El disco se mueve entre el rock progresivo tardío, el soul ácido, el funk teatral y una espiritualidad desgarrada. No hay un género claro, solo una sensación: esto es lo último que diremos, y lo diremos gritando. Las tensiones entre ambos eran constantes: discutían sobre arreglos, tempos y efectos, pero al final se abrazaban, exhaustos y satisfechos. Brown dijo en una entrevista:
“Crane y yo éramos como dos lunas colisionando. Chocábamos, brillábamos, y dejábamos cráteres sonoros.”
La portada, hecha por un amigo de Crane en una noche de absenta y café, muestra rayos surcando un rostro en éxtasis.
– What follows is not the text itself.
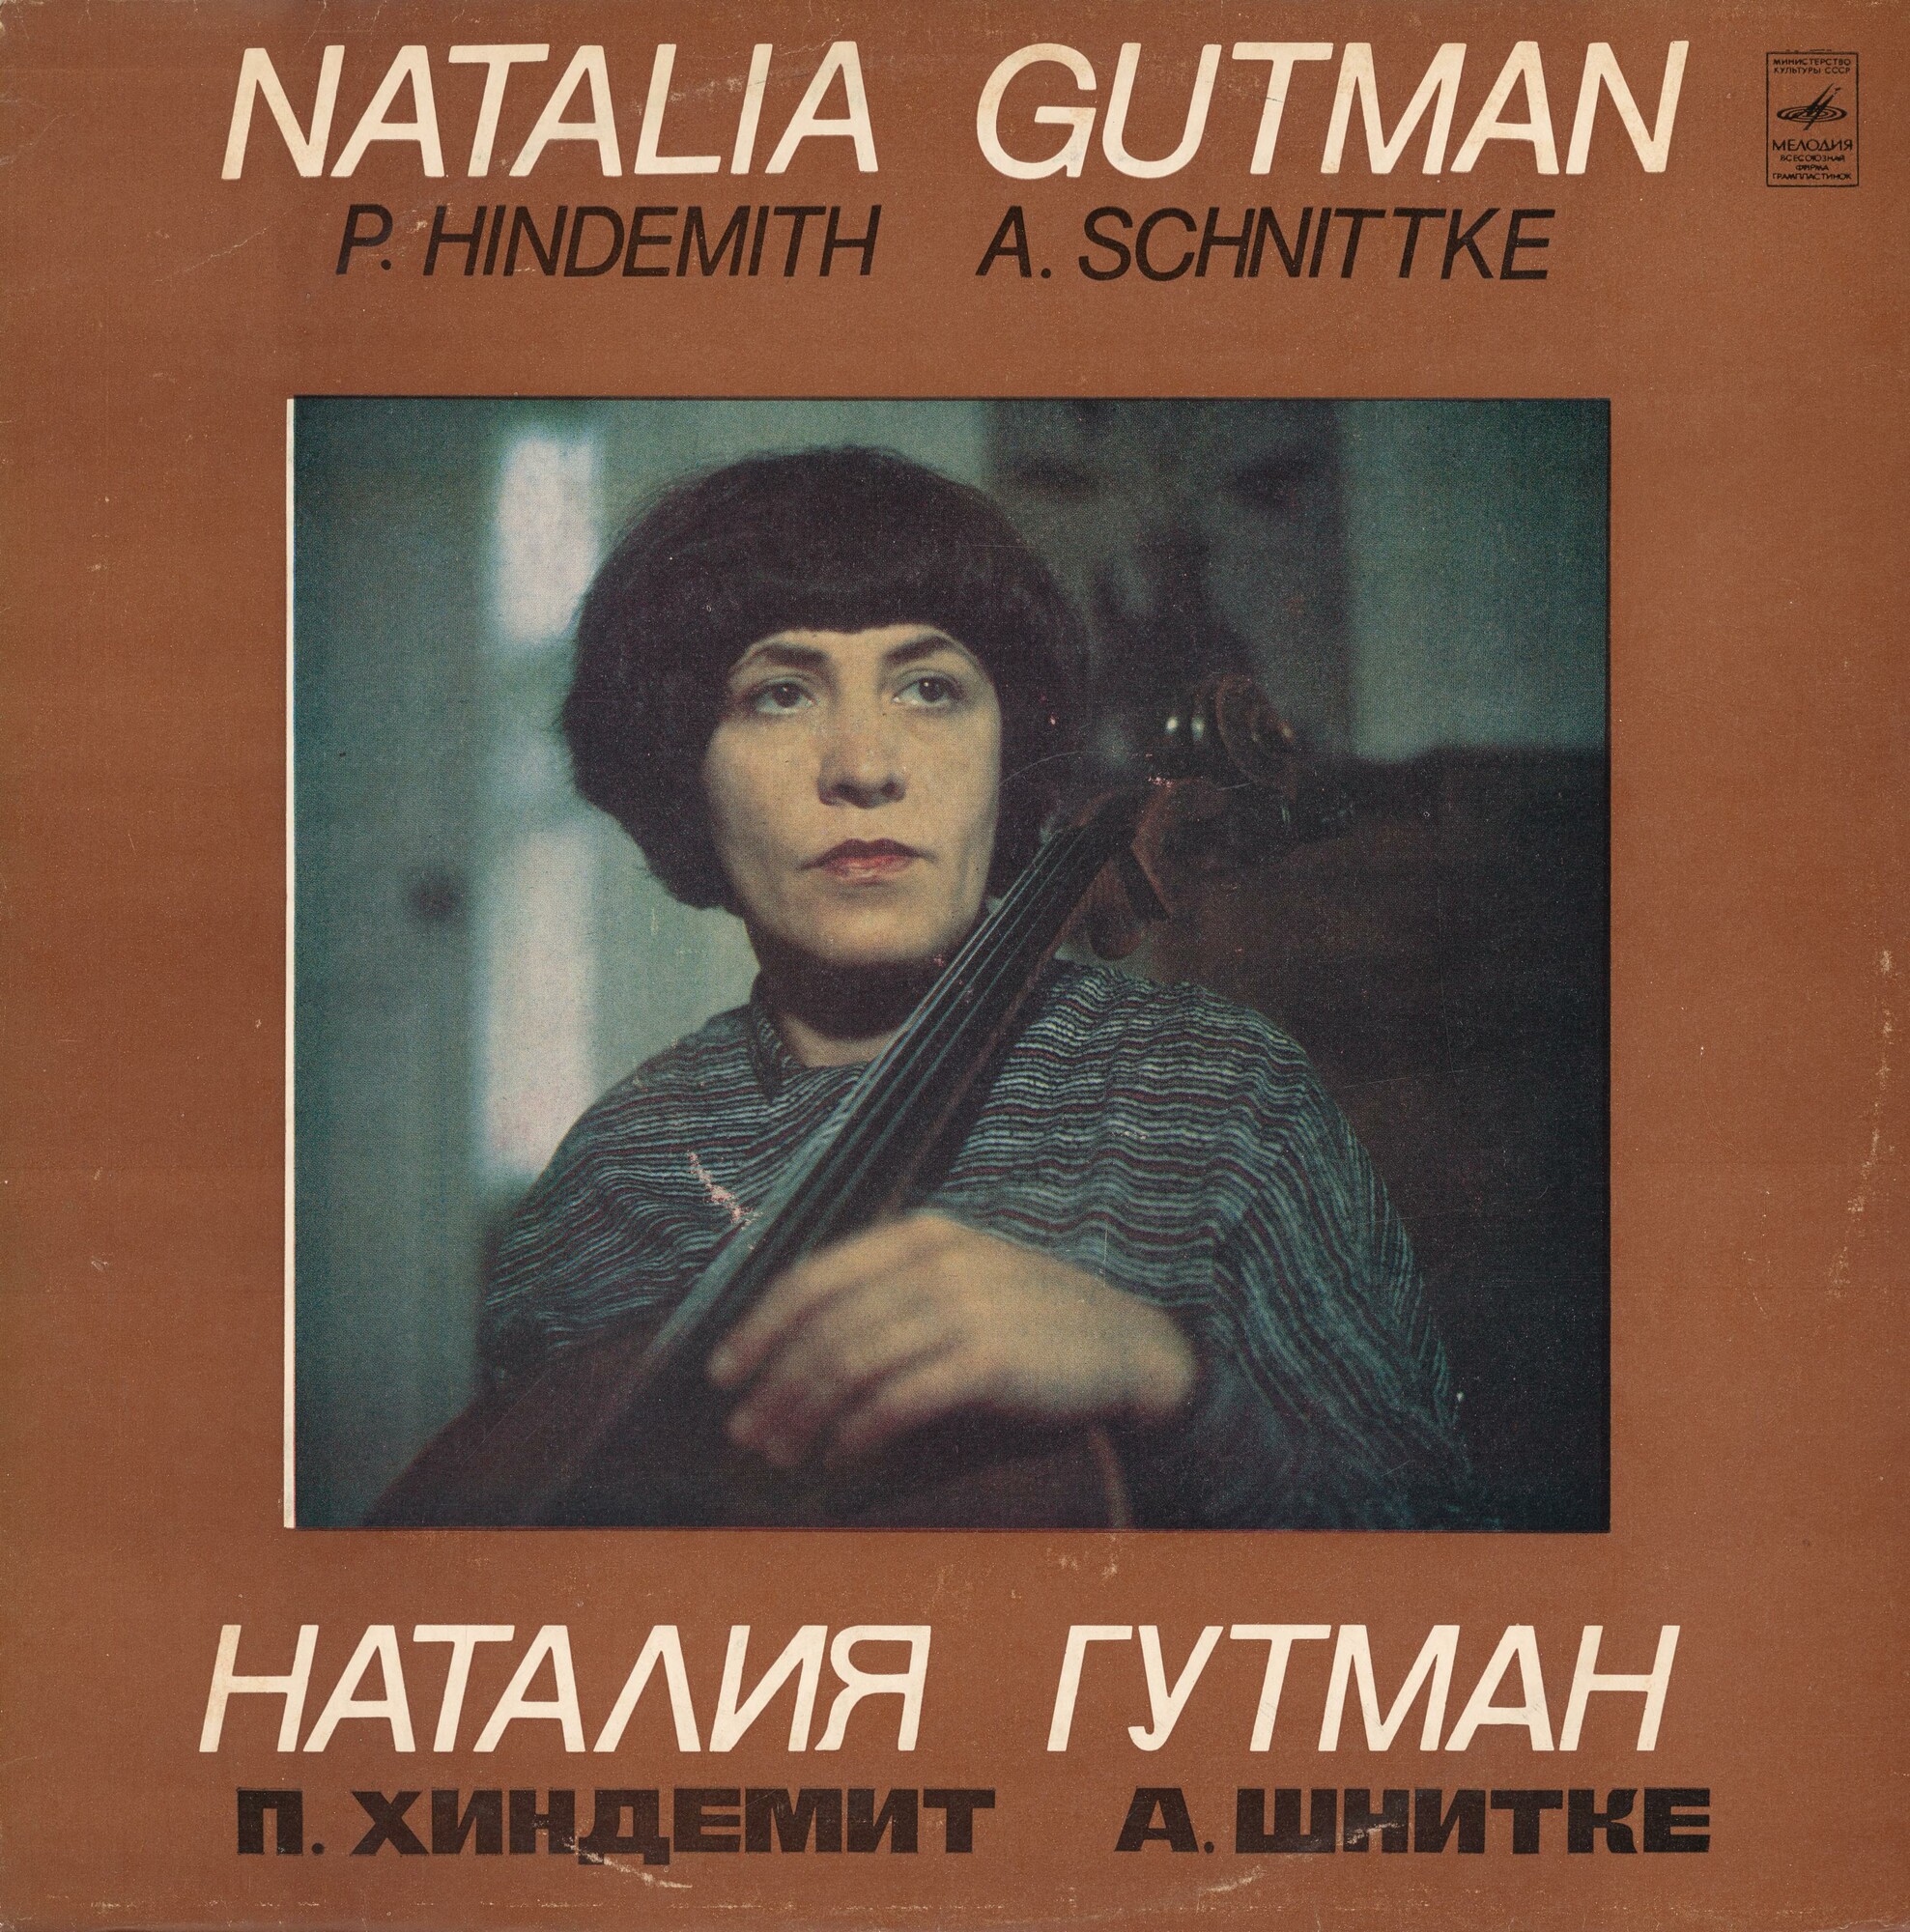 Наталия ГУТМАН (виолончель)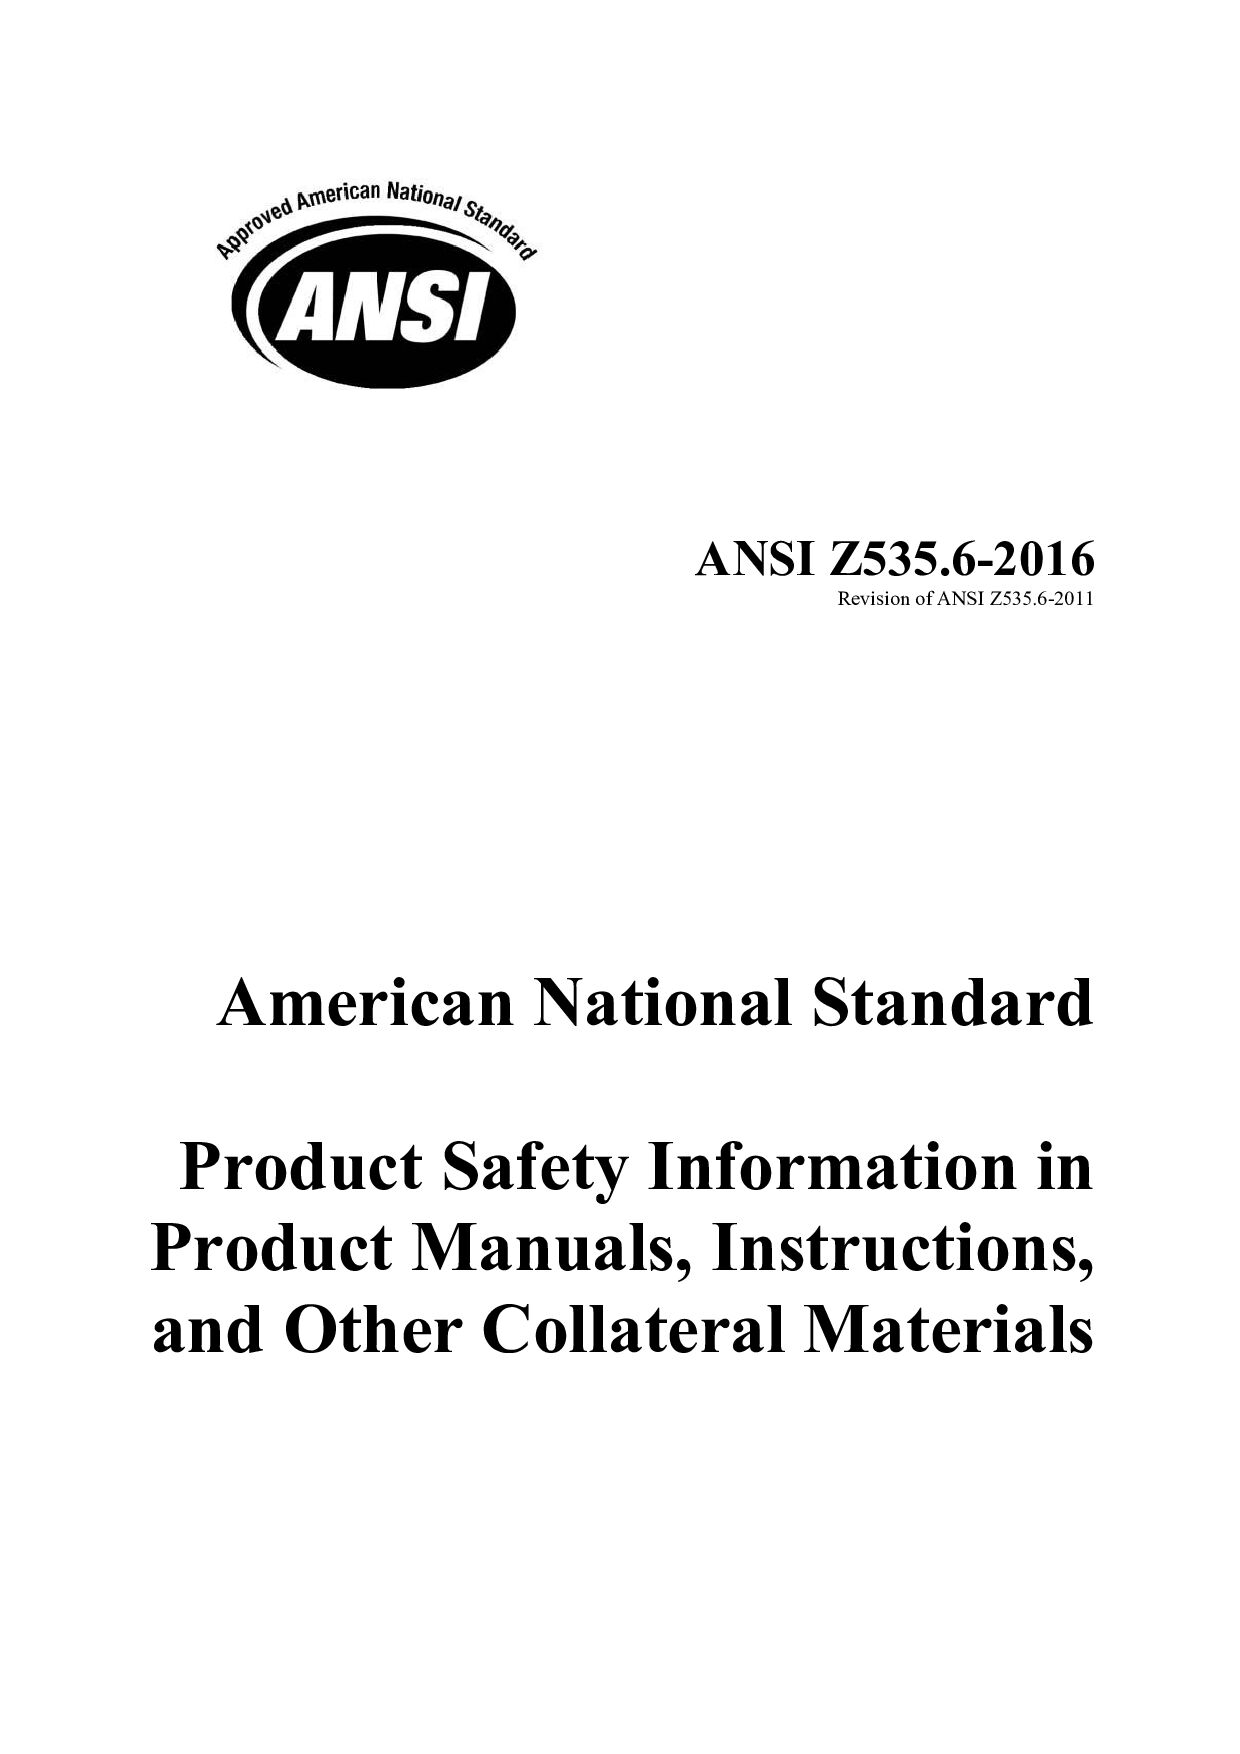 ANSI Z535.6-2016 draft

Así mismo suena el álbum: eléctrico, profético y errante. Pese a su intensidad, el disco fue ignorado por la crítica de la época. Nadie sabía cómo categorizarlo. Pero el tiempo, siempre sabio, lo convirtió en un objeto de culto, especialmente en Alemania y Japón, donde lo escuchaban como un testamento sagrado de dos locos hermosos que no quisieron envejecer con elegancia.
Fue el último gran viaje de Vincent Crane antes de su trágico adiós en 1989. Para muchos, este disco es su epitafio musical: un torbellino de emociones al borde del abismo, tocado con alma, furia y sin pedir perdón.
Cierra la sesión, abre el alma. Faster Than the Speed of Light no es un disco para oír de fondo. Es para escucharlo con los ojos cerrados y la mente abierta. Para sumergirse en ese espacio intermedio donde el rock se vuelve teatro, el alma grita y el Hammond echa alas.
Crane & Brown: dos nombres, un último vuelo.
El Hammond alzó vuelo. Y aún lo escuchamos cruzar las estrellas.